Update, Halloween: Suresh Venkatasubramanian, at Geomblog, turns his microphone over to Michael Mitzenmacher, who has some very good comments. (This led me to read Mitzenmacher's nice paper on generating mechanisms for power-laws.) I am more convinced by Mitzenmacher by the difference in the goodness of fits, simply because it is so overwhelmingly large. It hardly seems to make sense, in this case, to say that the data are even approximately power-law distributed...

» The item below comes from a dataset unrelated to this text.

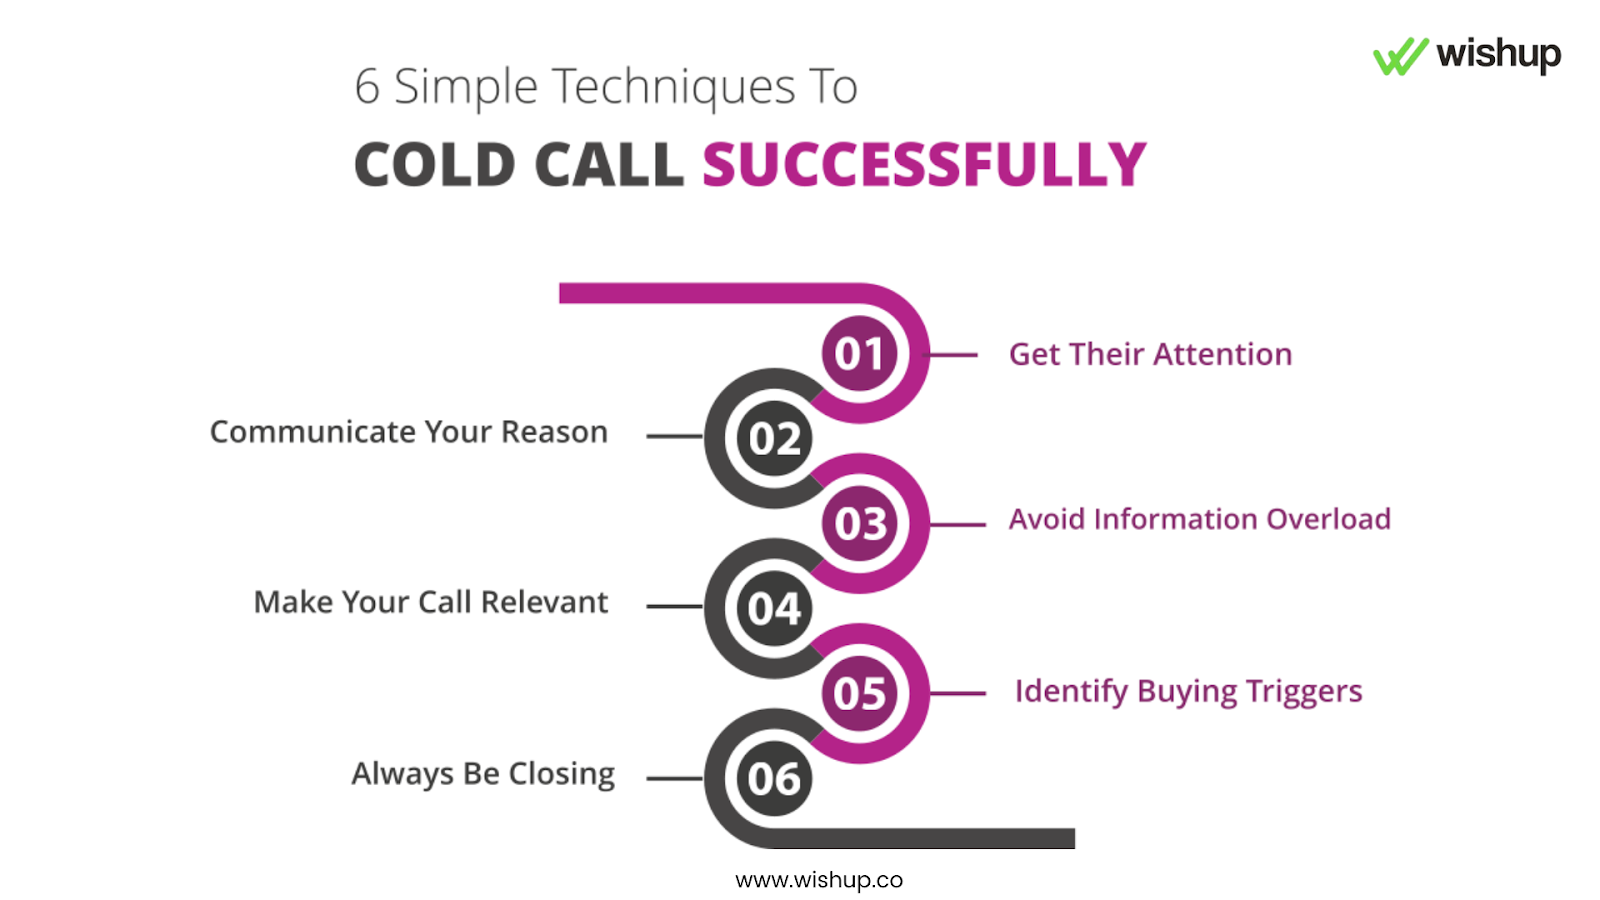 6 simple techniques to cold call successfully

Update, 23 November: Barabási's group has posted a reply (physics/0511186). To my eyes, the crucial observation by Stouffer et al. was that the fit of the data to a power law is in fact really, really bad, so it's pointless to talk about what mechanism might produce a power law in such situations. The reply's take on this point is that this is "merely" a statistical issue! In short, I don't find the reply at all convincing on the major points, but if you care, by all means read it. (The reply claims that Stouffer et al.'s comment was rejected by "three referees" at Nature; one wonders if they were the referees who approved Barabási's original paper.)

Update, 25 November: To hammer the point home, let's look at Figure 1b from Stouffer et al.'s comment. (Click for a larger version.)

The solid black line is the empirical distribution of the data. The red dashed line is the lognormal distribution. This is, as I said, a textbook-quality fit. Correcting for right censoring — the measured response intervals are all less than 83 days, because that's the length of time over which the data were collected &mdash would only improve the fit. (Thanks to Prof. Amaral for permission to reproduce the figure.)

Update, 29 November: Yet more commentary, from Aaron Clauset.

Update, 29 September 2006: In the event you still care about this, see G. Grinstein and R. Linsker, "Biased Diffusion and Universality in Model Queues", Physical Review Letters (2006): 130201. Grinstein and Linsker analytically solve for the asymptotic distribution of Barabási's queueing model, finding either a power law or a power-law with an exponential cut-off; they also show that the result is very sensitive to introducing a cost for switching between different kinds of tasks.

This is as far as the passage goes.